A new reactive method for processing web usage data

Thesis Type: Postgraduate

Institution Of The Thesis: Orta Doğu Teknik Üniversitesi, Faculty of Engineering, Department of Computer Engineering, Turkey

Approval Date: 2006




In this thesis, a new reactive session reconstruction method 'Smart-SRA' is introduced. Web usage mining is a type of web mining, which exploits data mining techniques to discover valuable information from navigations of Web users. As in classical data mining, data processing and pattern discovery are the main issues in web usage mining. The first phase of the web usage mining is the data processing phase including session reconstruction. Session reconstruction is the most important task of web usage mining since it directly affects the quality of the extracted frequent patterns at the final step, significantly. Session reconstruction methods can be classified into two categories, namely 'reactive' and 'proactive' with respect to the data source and the data processing time.
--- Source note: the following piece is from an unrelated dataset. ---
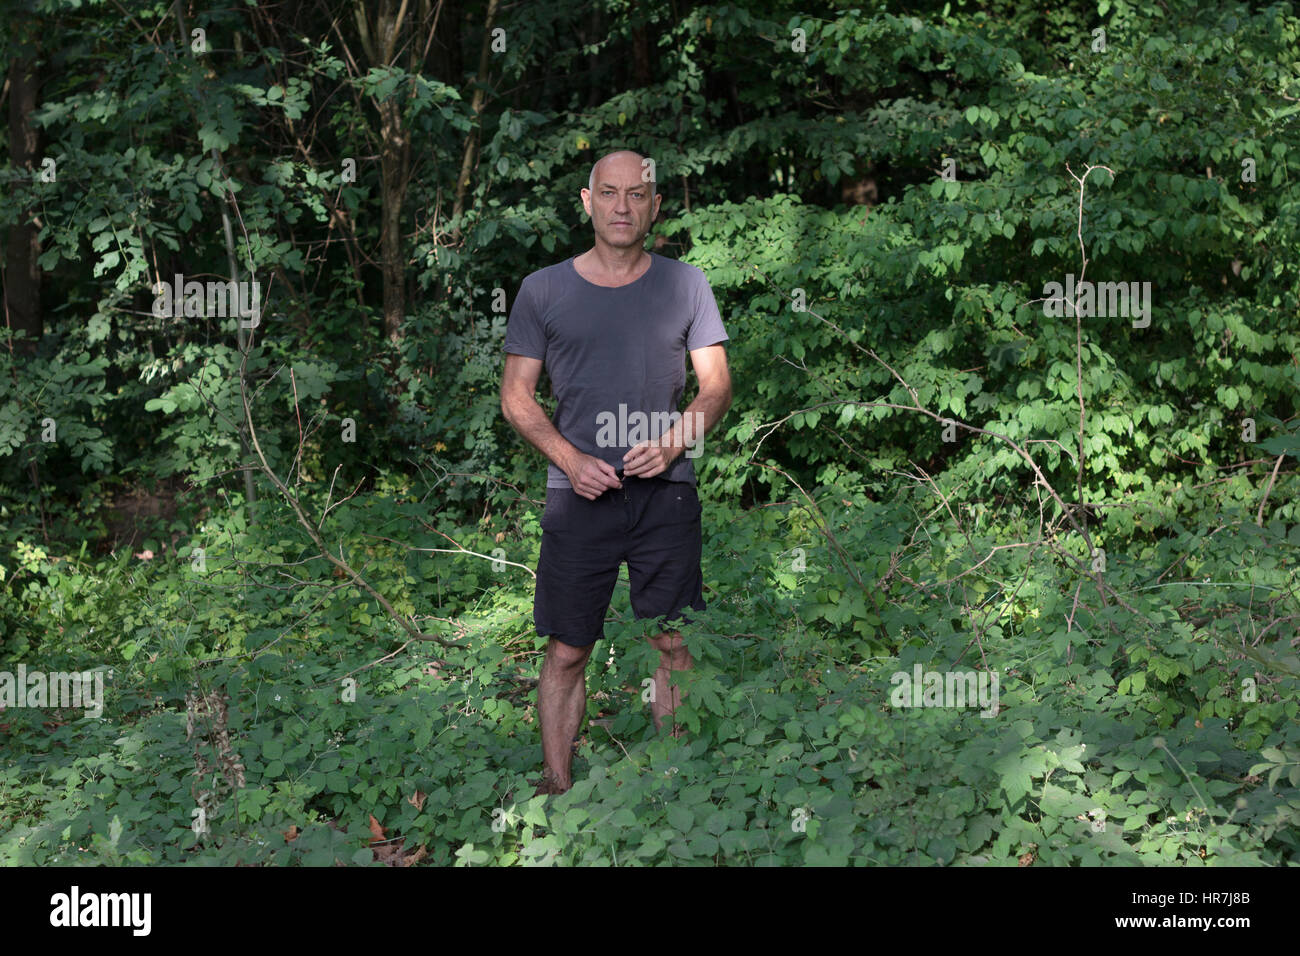 Portrait of a man standing in between overgrowth of a forest Stock Photo

If the user requests are processed after the server handles them, this technique is called as ‘reactive’, while in ‘proactive’ strategies this processing occurs during the interactive browsing of the web site. Smart-SRA is a reactive session reconstruction techique, which uses web log data and the site topology. In order to compare Smart-SRA with previous reactive methods, a web agent simulator has been developed. Our agent simulator models behavior of web users and generates web user navigations as well as the log data kept by the web server. In this way, the actual user sessions will be known and the successes of different techniques can be compared. In this thesis, it is shown that the sessions generated by Smart-SRA are more accurate than the sessions constructed by previous heuristics.